Eleni Vavas, center, a doctor at North Shore University Hospital...

Eleni Vavas, center, a doctor at North Shore University Hospital in Manhasset, who went on an anti-cancer campaign after being diagnosed in 2012, has died. Vavas is seen here with her sisters, Niki Dounis and Spyridoula Adanuncio. Credit: Family photo

Eleni Vavas, cardiologist and self-described "cancer fighter," died Tuesday at home in Manhasset after a nearly two-year fight with the disease. She was 37.

Even as she fought a rare stomach cancer, she raised money for cancer research, leading a team of riders with her husband that raised more than $69,000 at an indoor cycling fundraising event in Roslyn in March.

"When you face mortality, fear nothing, be fearless," she told Newsday at the event run by Cycle for Survival, a nonprofit affiliated with Memorial Sloan-Kettering Cancer Center. She hoped her 3-year-old son, Zachary, would grow up in a world where rare cancers could be cured.

Born Eleni Doufekias, she left her hometown of upstate Marlboro to attend Cornell University, graduating in 1999 with a bachelor of science degree and then attending SUNY Upstate Medical University in Syracuse in 2003. As a three-year resident in internal medicine at the NewYork-Presbyterian Hospital/Weill Cornell Medical Center, she met John Vavas on a Greek online dating site in 2006.

The man who would become her husband was at a law firm and also working long days.

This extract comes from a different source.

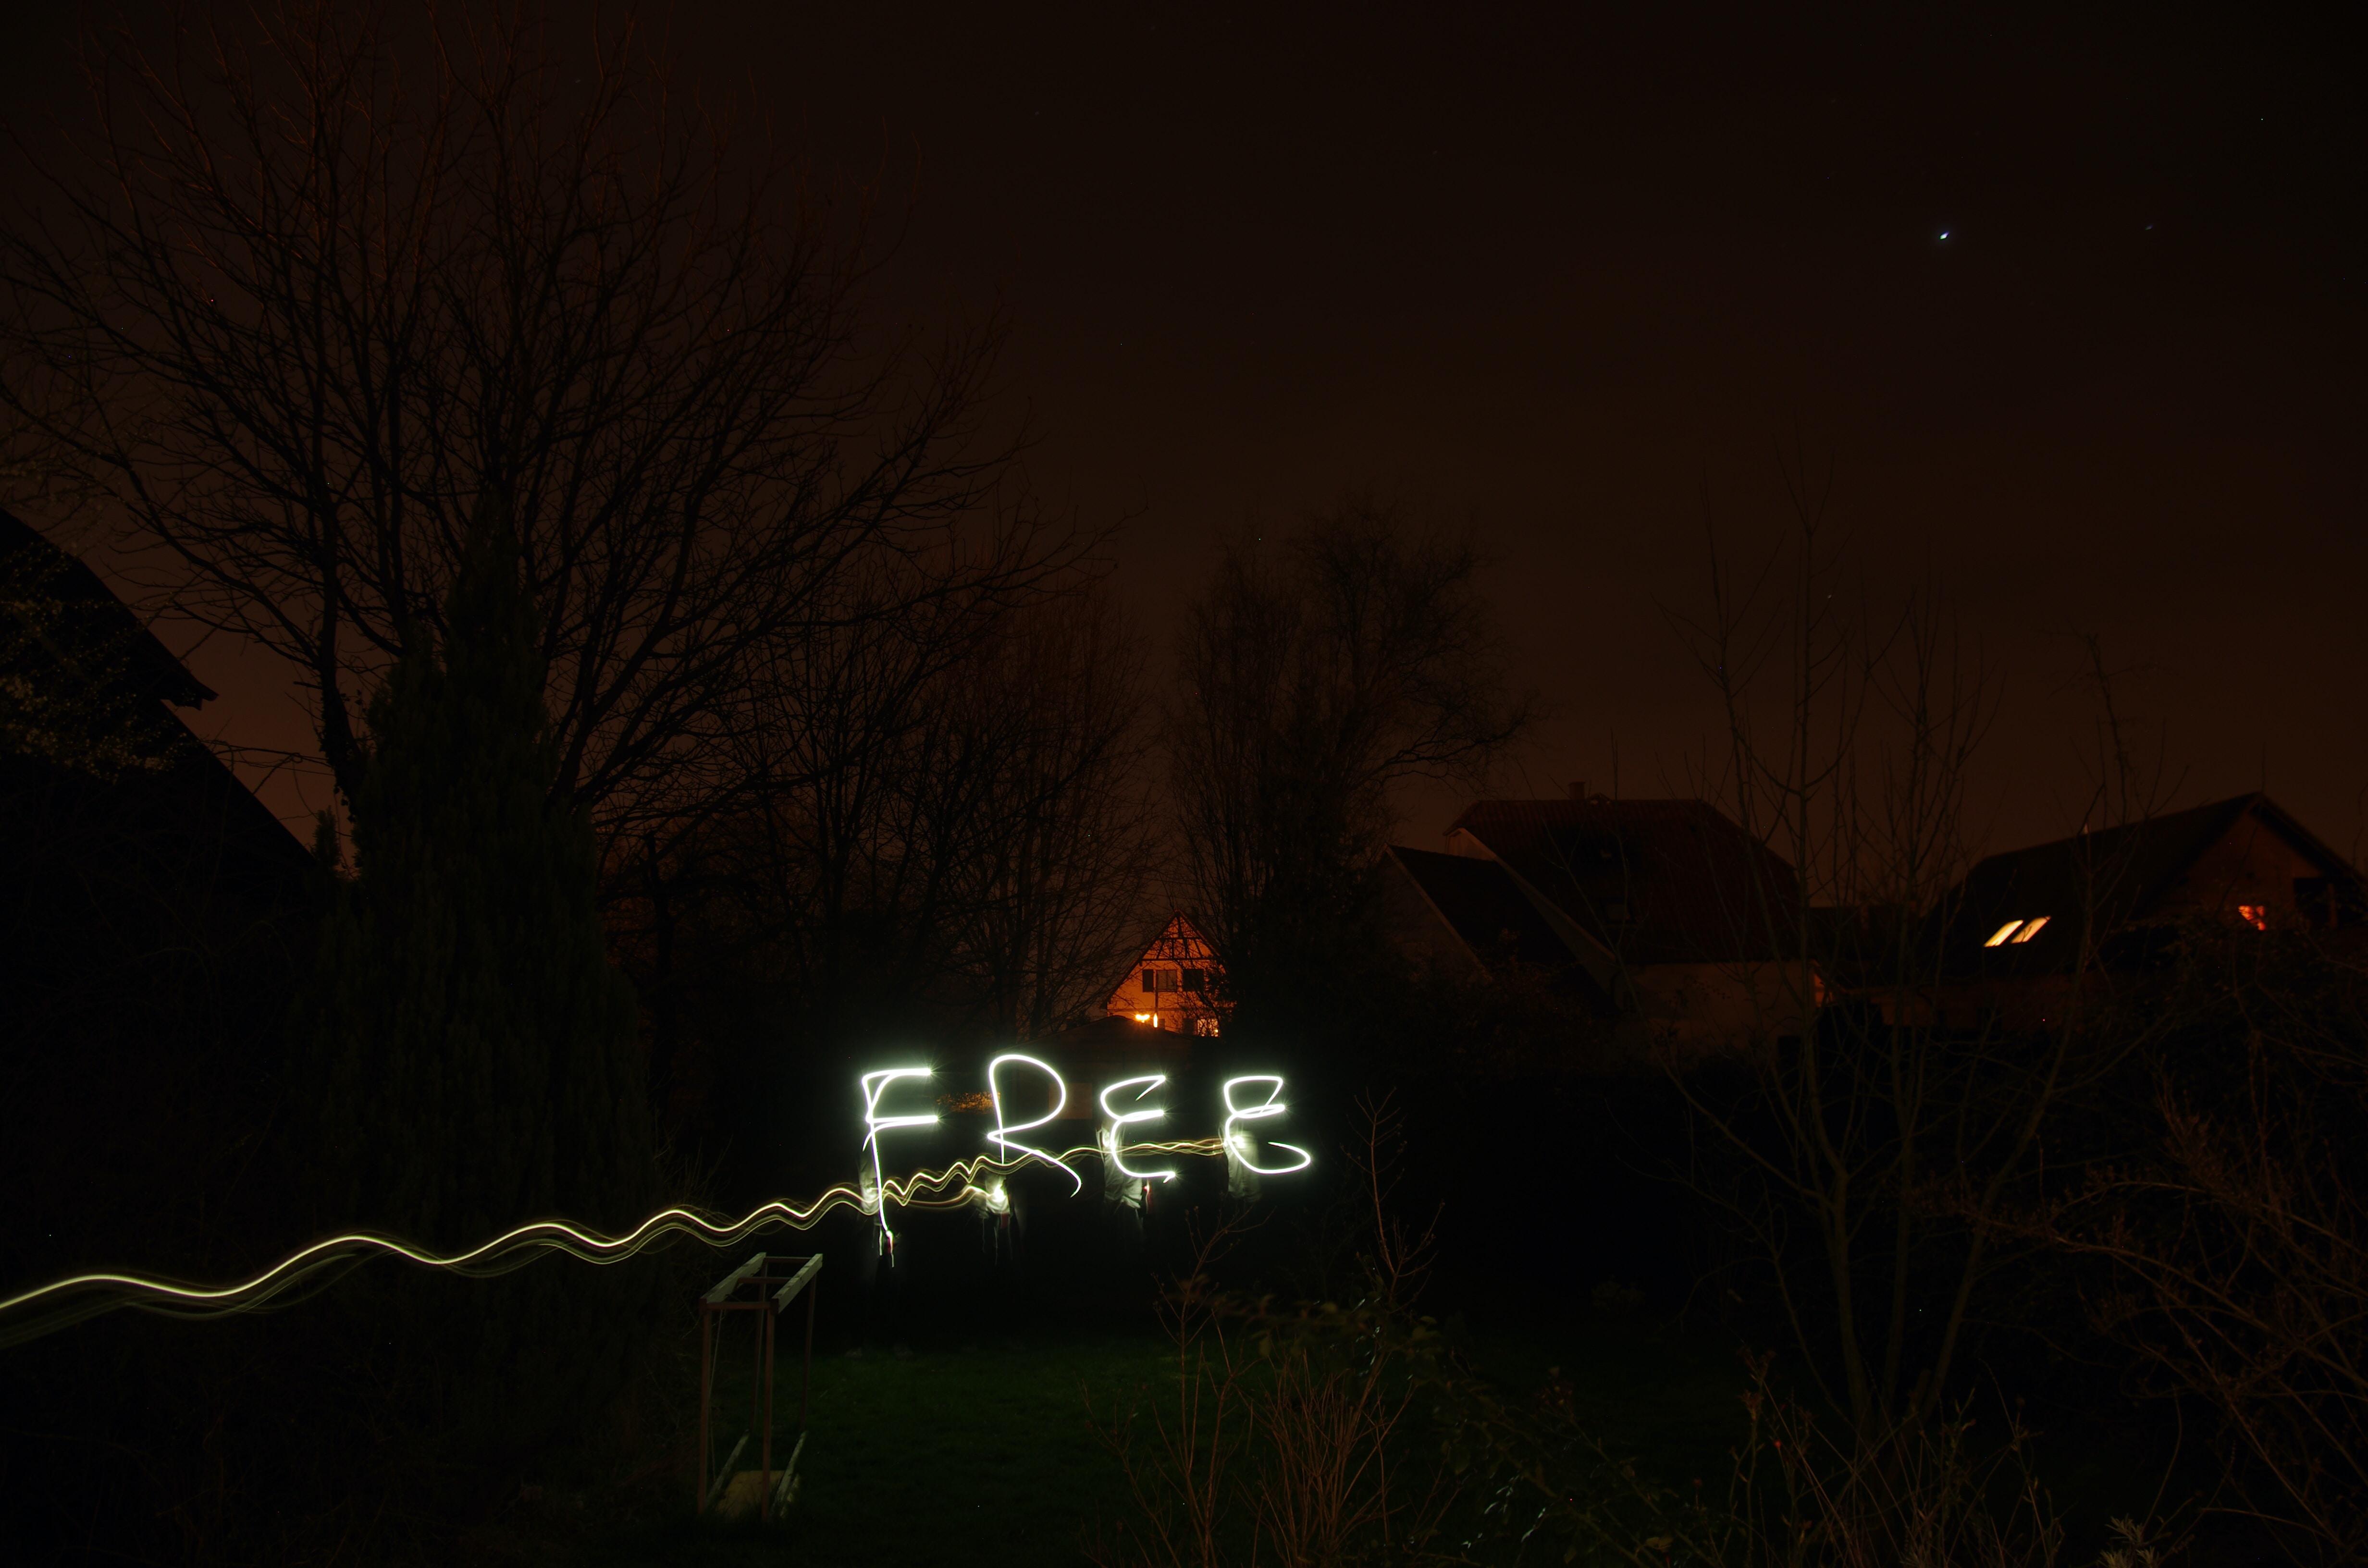 Free neon signage

He said they spoke for hours on the phone before meeting. "I knew on our first date that I was going to marry her; she said it took her a few more to know I was the one," he said. "She had this innocence and just warmness about her when you spoke to her."

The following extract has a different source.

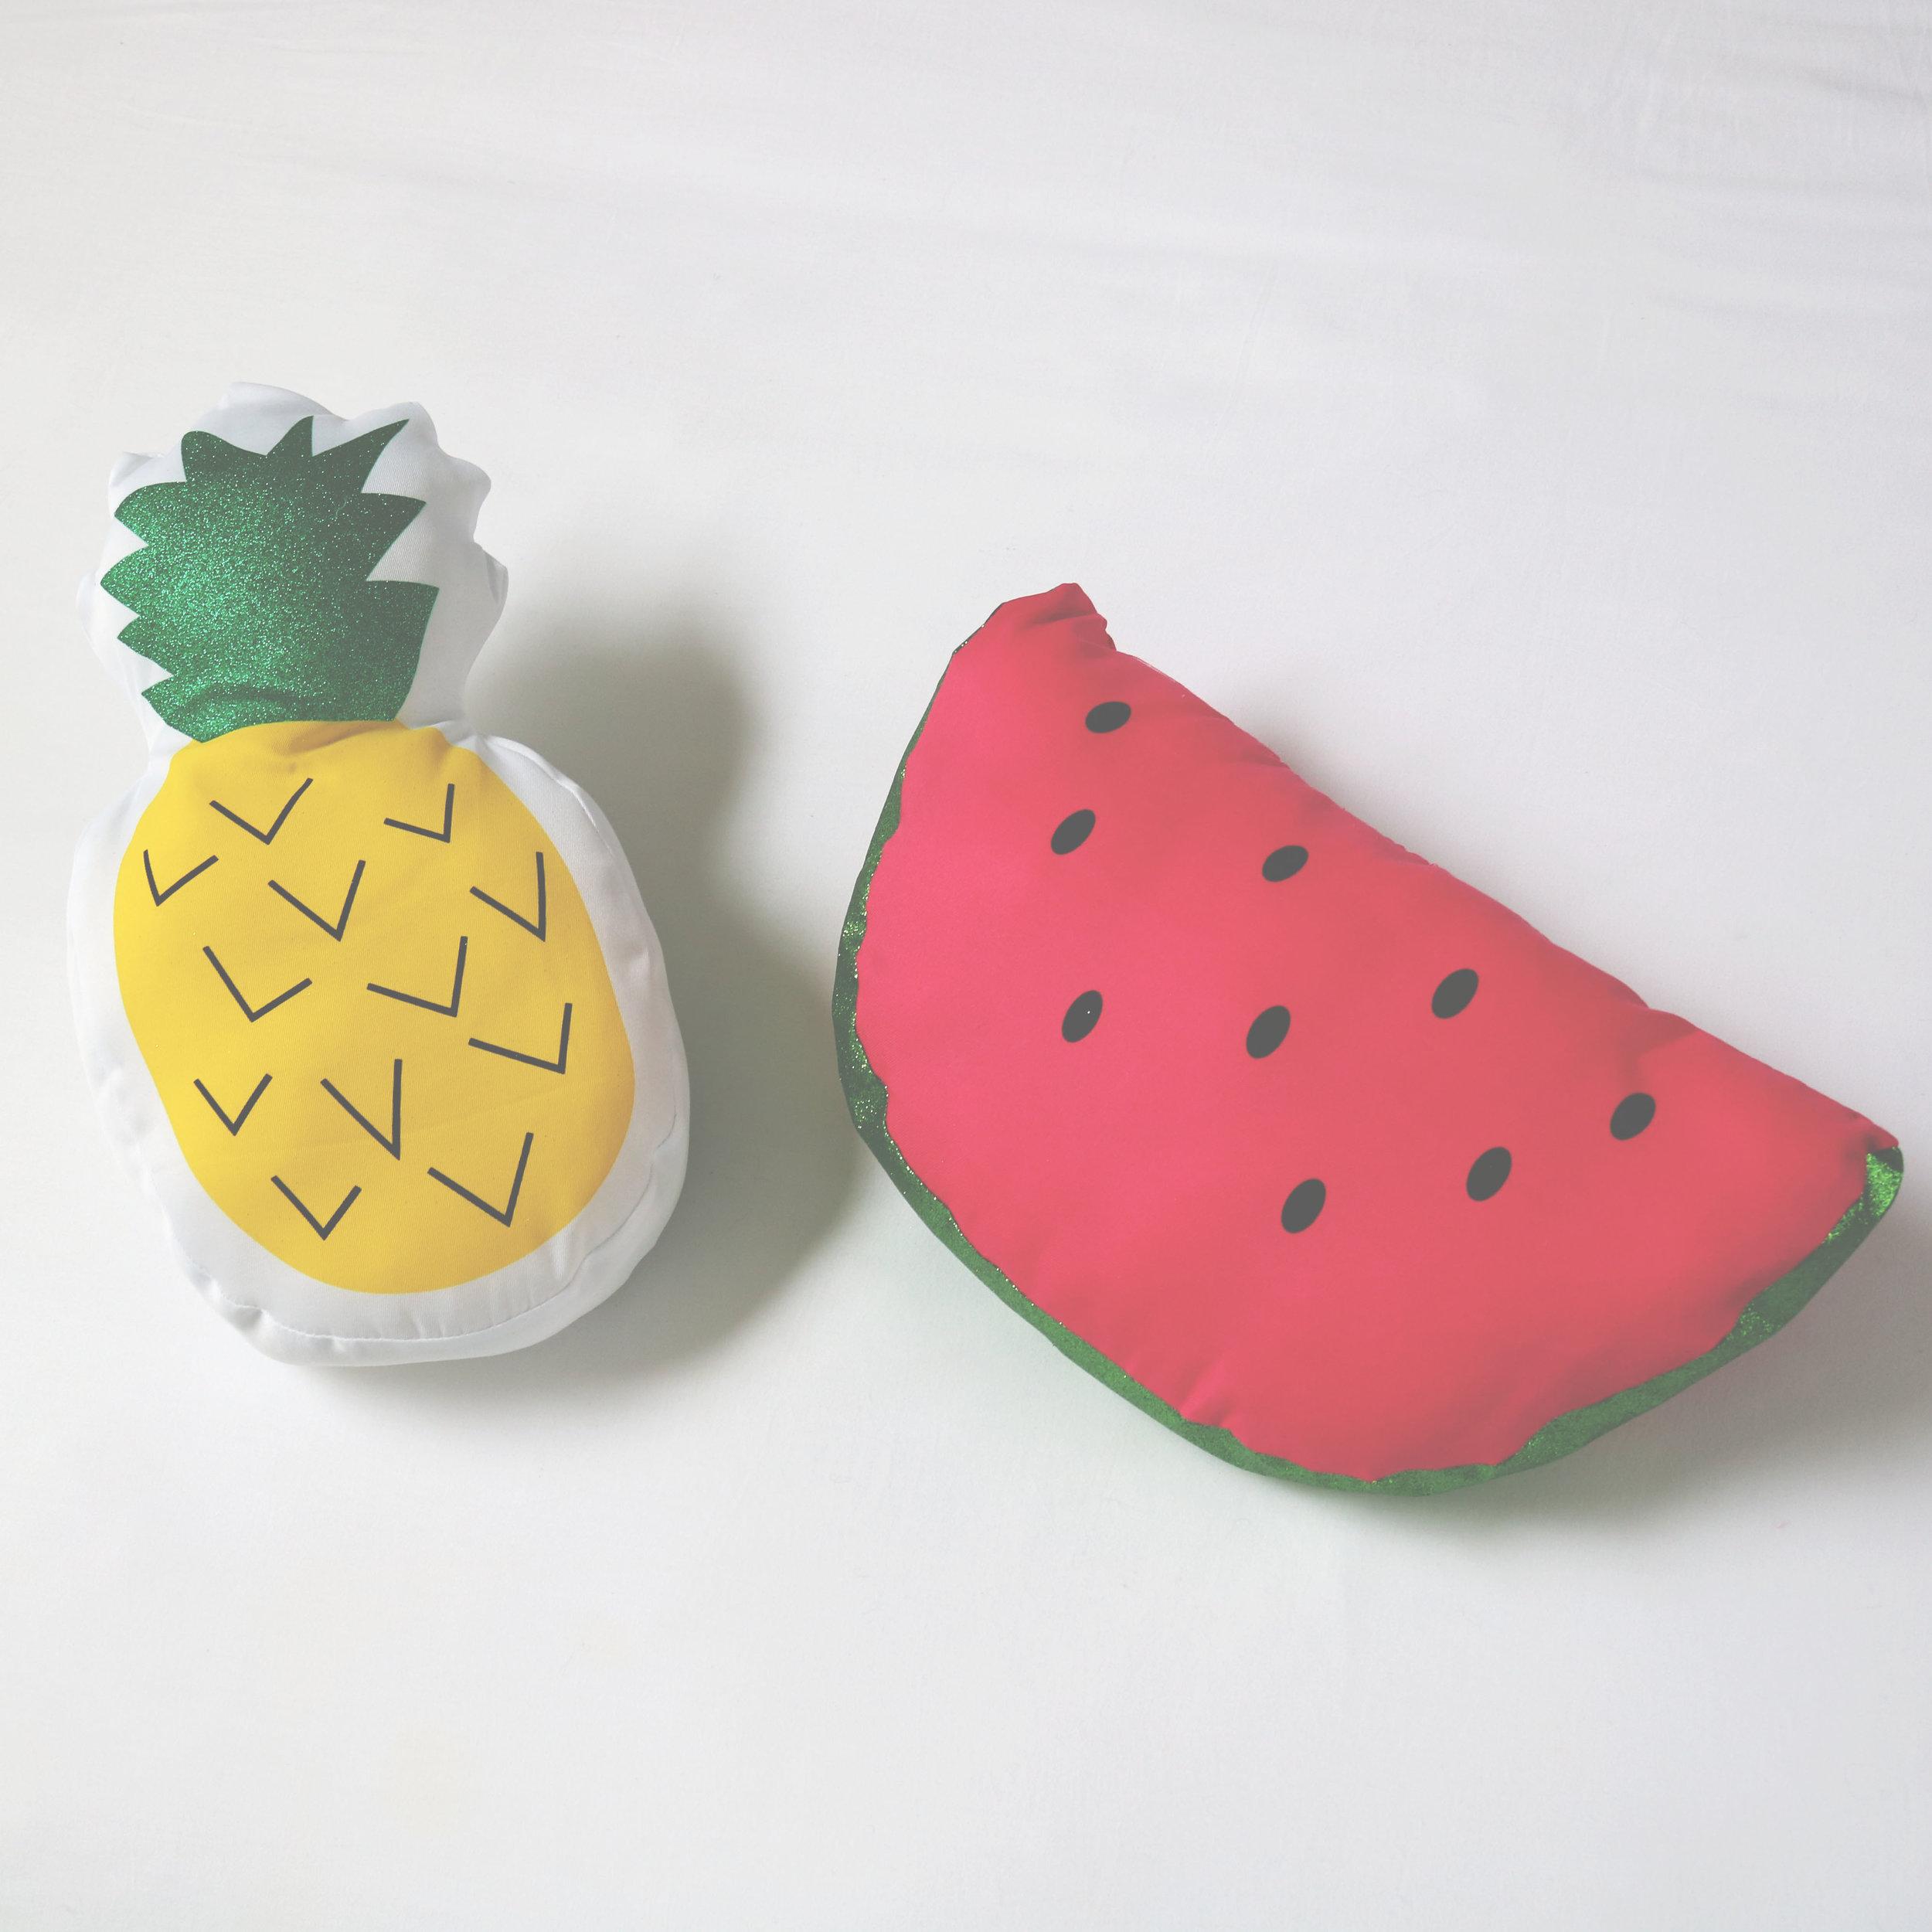 Prop_PineappleWatermelon.jpg

They wed in 2008. After completing a cardiology fellowship at New York University Medical Center, she went to work in 2009 at North Shore University Hospital in Manhasset, where she was an assistant professor and director of echocardiography.

"She sparkled with life and was loved by everybody," said Stanley Katz, who hired her and is executive director of cardiovascular services at North Shore LIJ Health System, the hospital's parent organization. "She had an incredibly positive attitude about life."

After being diagnosed with cancer in 2012, Vavas took a medical leave. She returned to run the echocardiography lab until the cancer returned about six months ago.

She loved treating patients and saving lives, but even more, she loved raising their son, her husband said. "It was the thing she was most proud of, being a mother," he said.

In addition to her husband and son, she is survived by her parents, Zachary and Voula Doufekias of Marlboro; and sisters Spyridoula Adanuncio of Danbury, Connecticut, and Niki Dounis of Manhattan.

Viewings will be Thursday night from 7 to 9 and Friday from 5 to 9 p.m., with a Trisagion Service at 8 p.m. at Archangel Michael Greek Orthodox Church, 100 Fairway Dr., Port Washington. A funeral will be held at the church on Saturday at 9 a.m., followed by burial at Nassau Knolls Cemetery, Port Washington.